Alkaline Phosphatase

K-Number: K240468 · 2024-10-16

ApplicantAbbott Laboratories Diagnostics Division
Decision Date2024-10-16
Product CodeCJE
Advisory CommitteeCH
DecisionSubstantially Equivalent

Device Summary

Alkaline Phosphatase is a medical device manufactured by Abbott Laboratories Diagnostics Division. It received FDA 510(k) clearance on 2024-10-16 under approval number K240468. The device is classified under product code CJE. It was reviewed by the CH advisory panel. FDA Decision: Substantially Equivalent.
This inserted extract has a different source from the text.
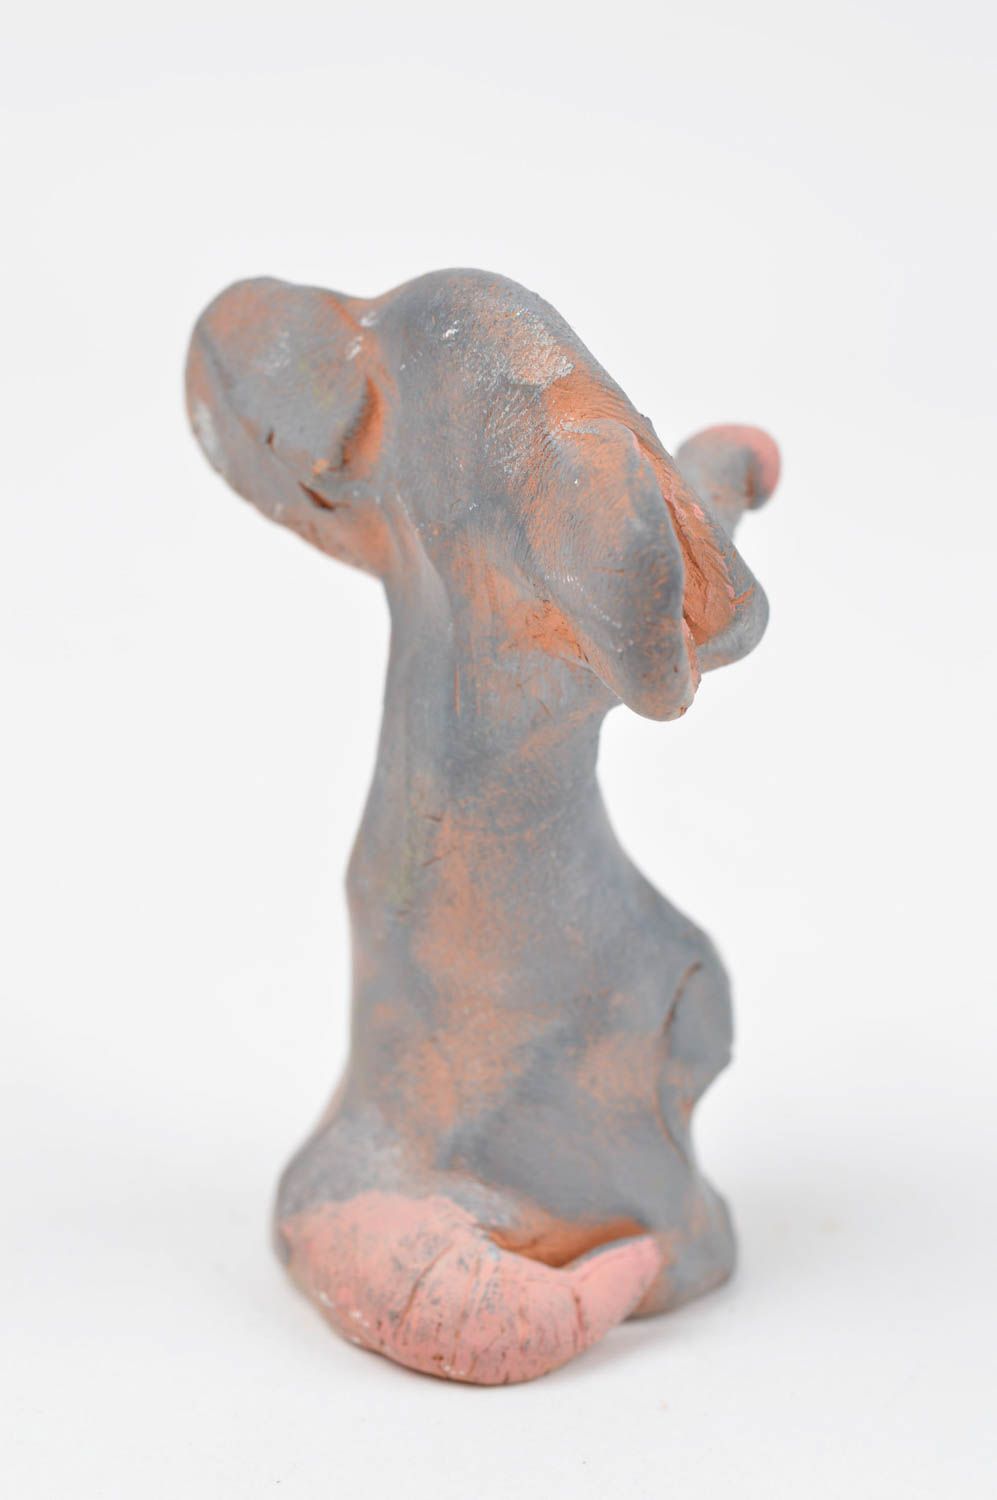 Статуэтка животного мышки ручной работы статуэтка для декора фигурка из глины фото 5

Frequently Asked Questions

What is the Alkaline Phosphatase?

Alkaline Phosphatase is a medical device that received FDA 510(k) clearance on 2024-10-16. It is manufactured by Abbott Laboratories Diagnostics Division. The 510(k) number is K240468.

When was Alkaline Phosphatase approved by the FDA?

Alkaline Phosphatase received FDA 510(k) clearance on 2024-10-16, under approval number K240468.

What company makes Alkaline Phosphatase?

Alkaline Phosphatase is manufactured by Abbott Laboratories Diagnostics Division.

What is the FDA product code for Alkaline Phosphatase?

The FDA product code for Alkaline Phosphatase is CJE.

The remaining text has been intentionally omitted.